Johne's disease test interpretation – a game of probabilities
July 13, 2013
Most dairy farmers have heard of Johne's disease. The Mycobacterium avium subsp. paratuberculosis (MAP) that causes Johne's disease (JD) is found on approximately 70% of dairy farms in the United States. The disease can have a significant economic impact on farms through lost milk production, premature culling, lower slaughter weights and values of infected cows – even before the cows start scouring and becoming thin.
Current control programs use best management practices to improve hygiene which decreases the risk of disease spread by MAP carried in cow manure, milk or colostrum.
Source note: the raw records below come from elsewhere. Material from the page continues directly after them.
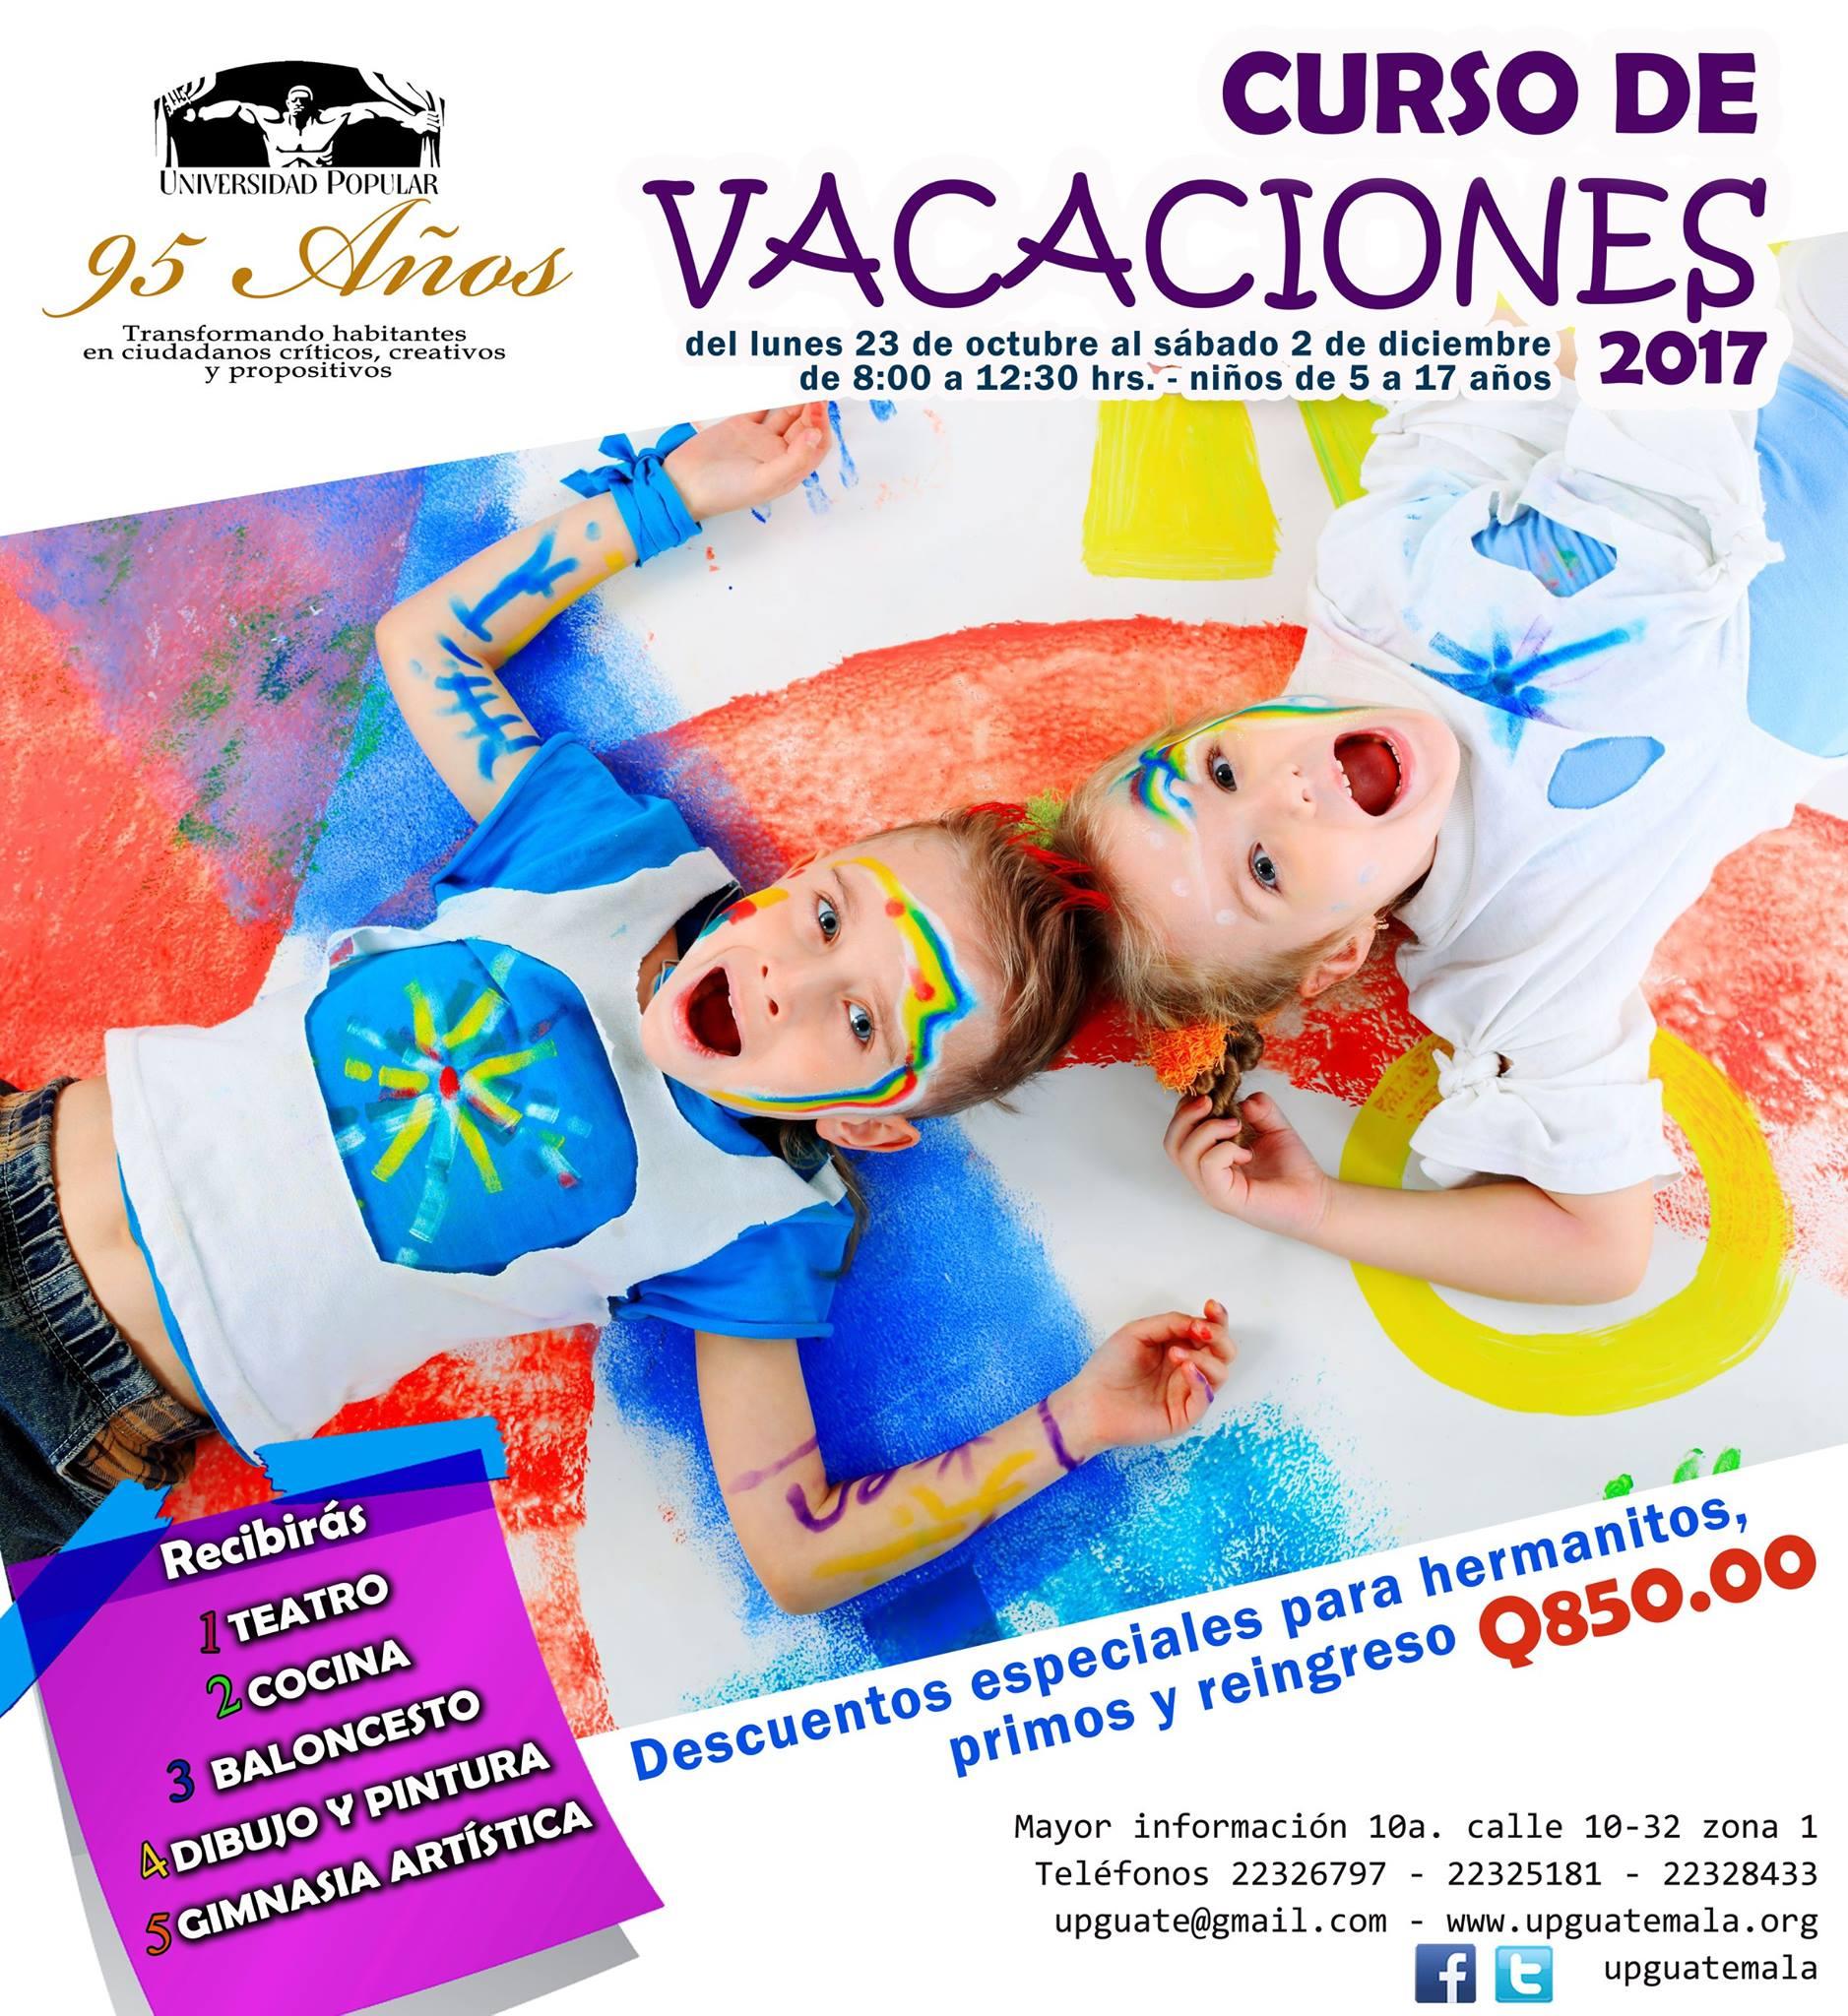 Cursos de vacaciones para ni os en ciudad de guatemala for Clases de piscina para ninos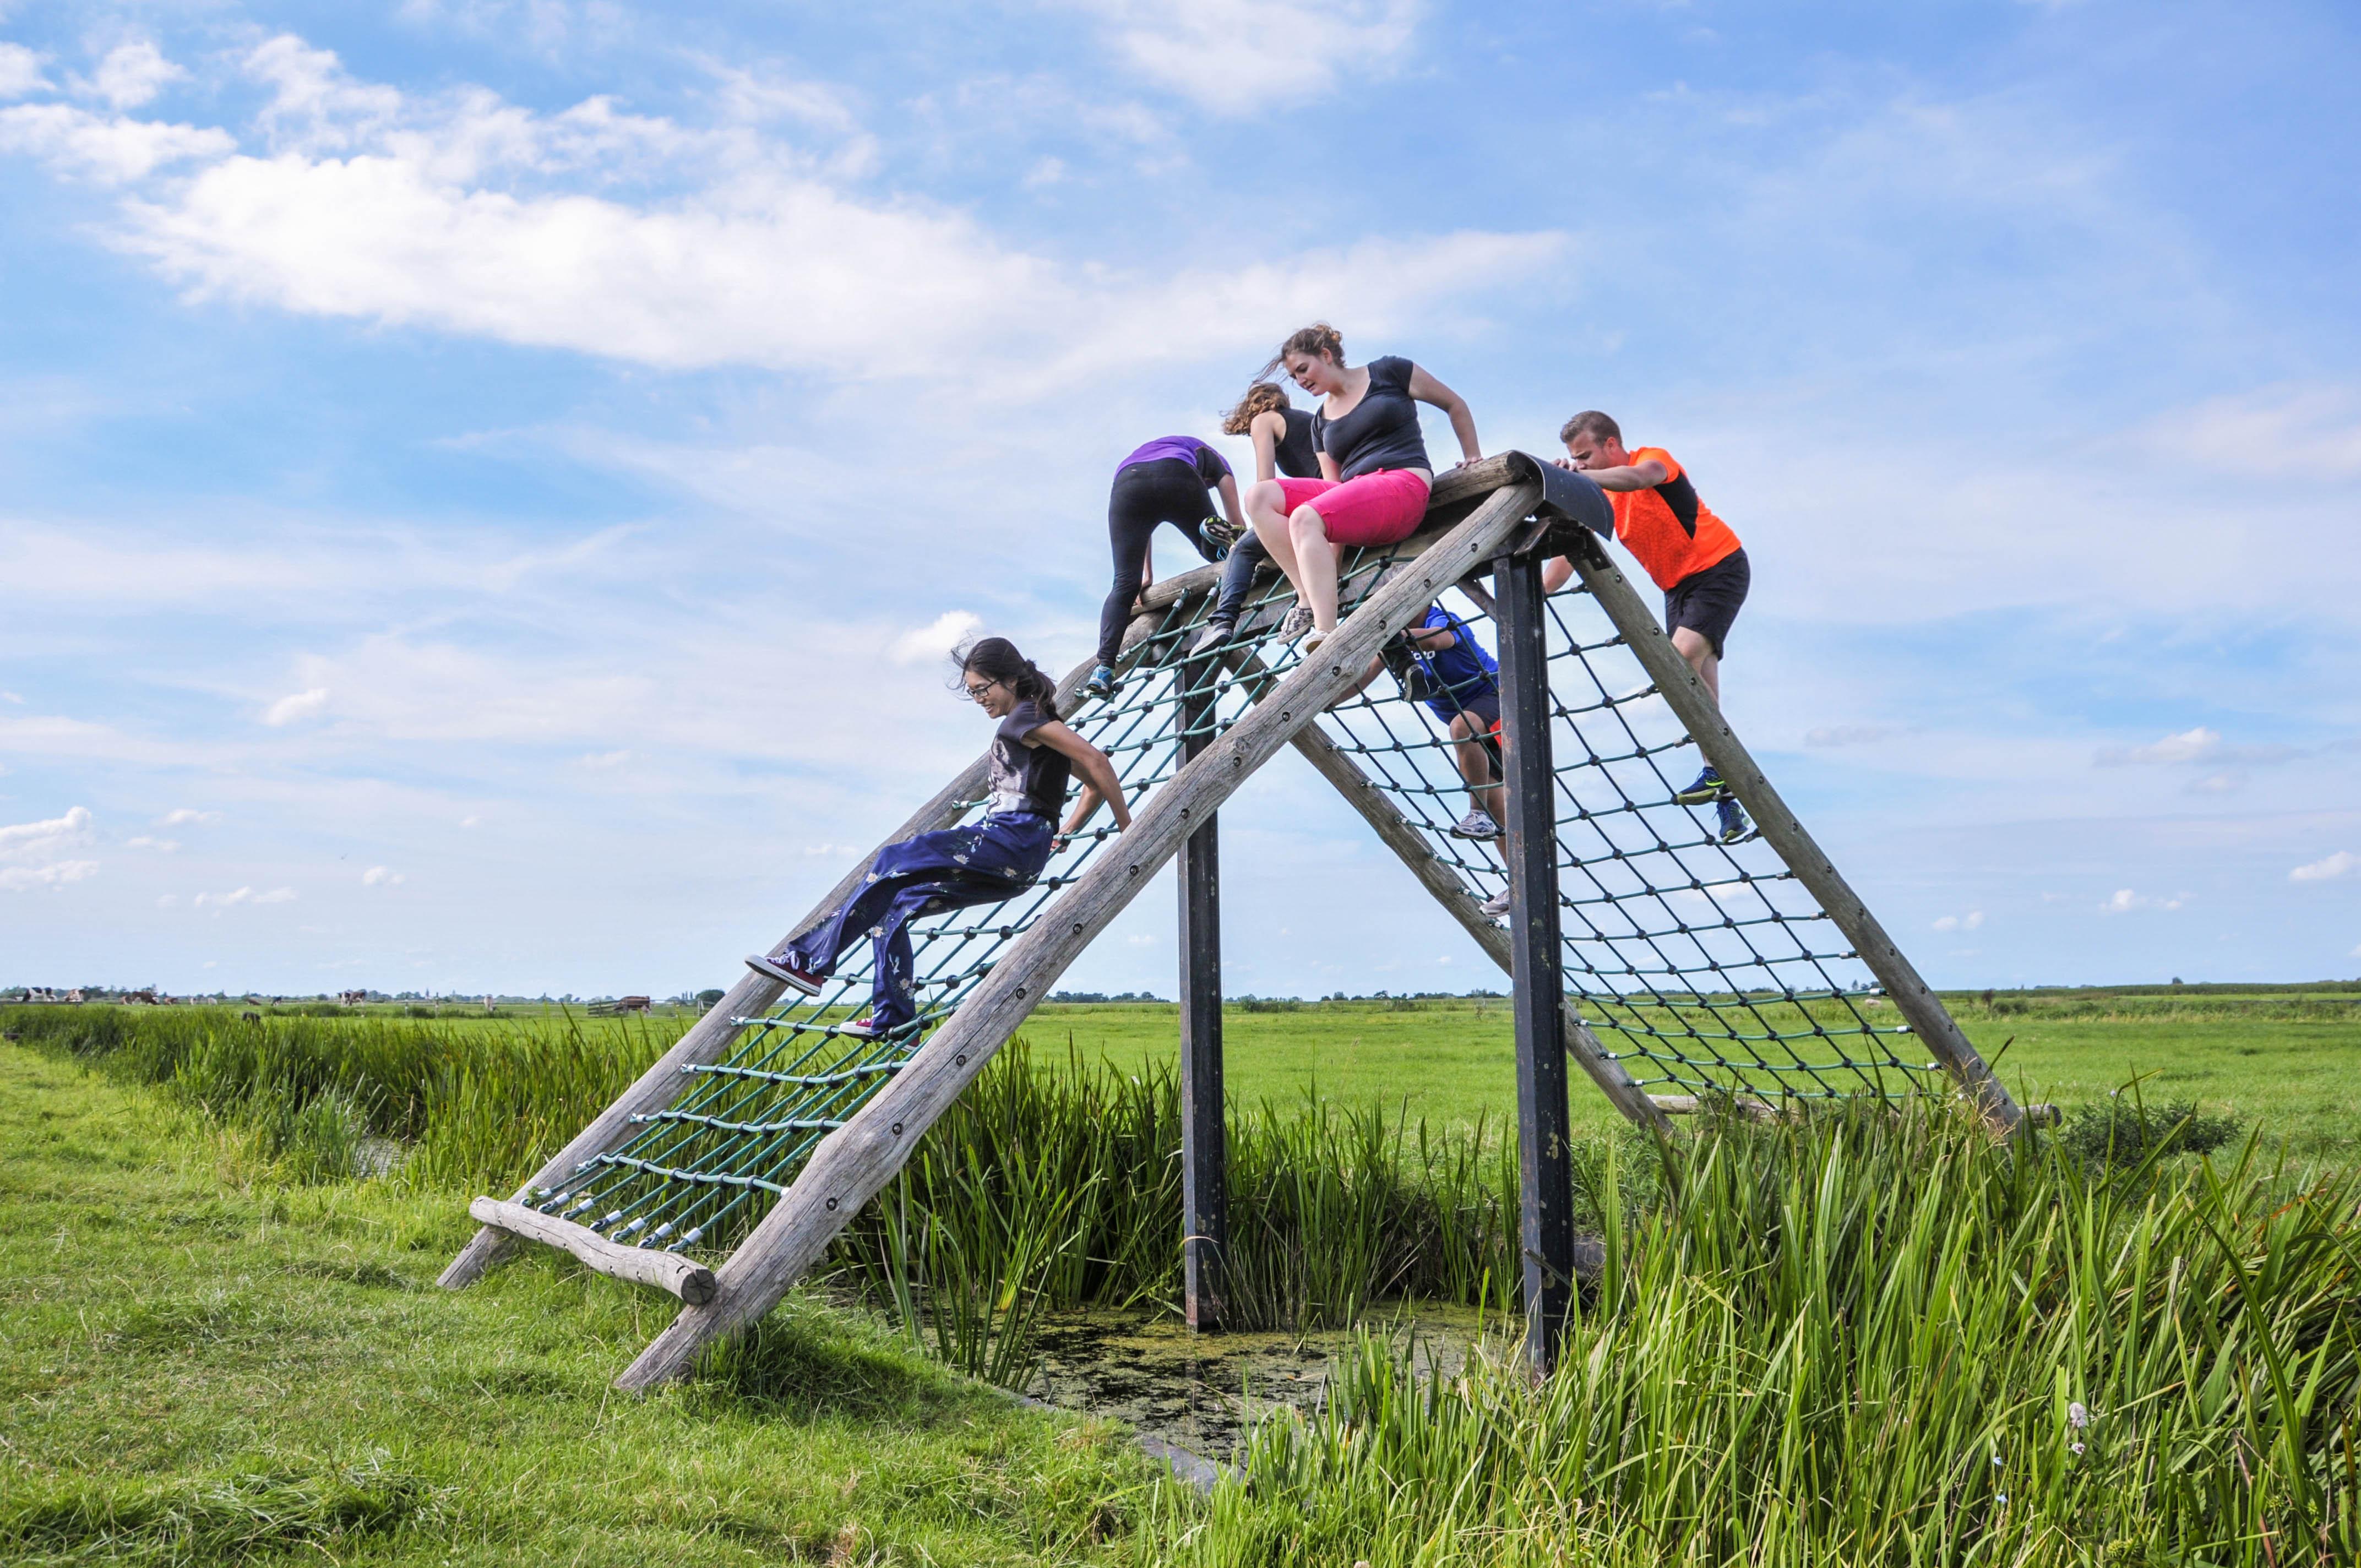 Groepje mensen probeert over de schuine brug te klimmen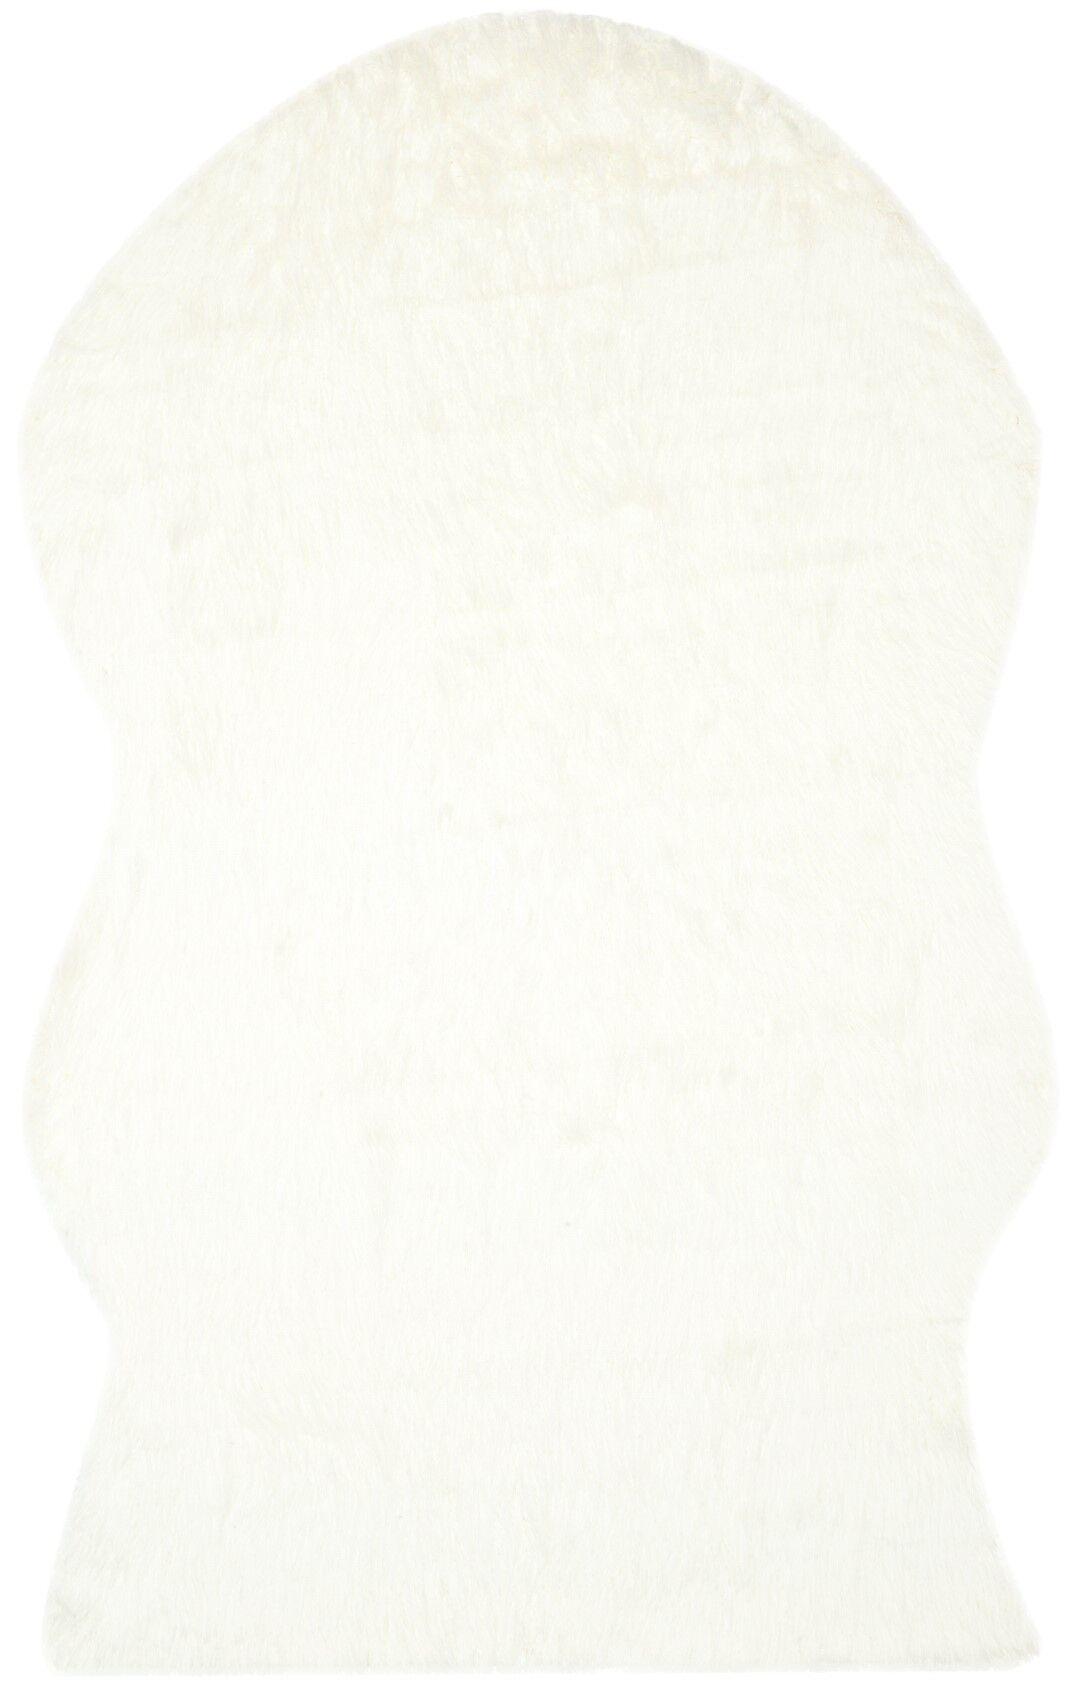 Chapman Area Rug Rug Size: Rectangle 5' x 8'

An important part of control programs is the testing of the entire mature herd (including 1st lactation cows and bulls) to identify how wide-spread the infection is within a herd and to help prioritize the need for making management changes to prevent introduction or spread of JD. If few cows are test-positive within a herd, the management should get a tune-up but things are probably going ok. If many cows are test-positive then the improvement of management practices needs to become a high priority.
There are two kinds of tests used in control programs for dairy herds: indirect tests that detect antibodies against the JD bacterium in milk or blood (but not the bacterium itself) and direct tests that detect the bacterium itself in manure. None of these tests can detect all infected animals at one time. Truly infected cows in the early stages of infection often have a negative test; more information is needed and that is why a current herd test is so important. The introduction of cows with unknown JD status is the greatest risk factor for bringing the disease onto a farm. If you want to buy a cow and you are told she is test-negative after a single testing, it is hard to trust that result as proof that she is truly uninfected without further information. However, if you ask and find out that this test-negative cow comes from a herd that has 30% of the mature animals with positive tests, then you have to be concerned that there is still a high probability that your one test-negative cow could be infected. On the other hand, if this test-negative cow comes from a herd where all the cows have been tested multiple times over several years and all have been test-negative, then you are inclined to trust that a cow's negative test is more likely to mean she is truly uninfected. The same is true for direct fecal tests for JD. A cow can be shedding MAP, but she might not shed enough MAP at the time the sample is taken to result in a positive test. So you can see that a single negative test of a cow is not very informative without further herd information.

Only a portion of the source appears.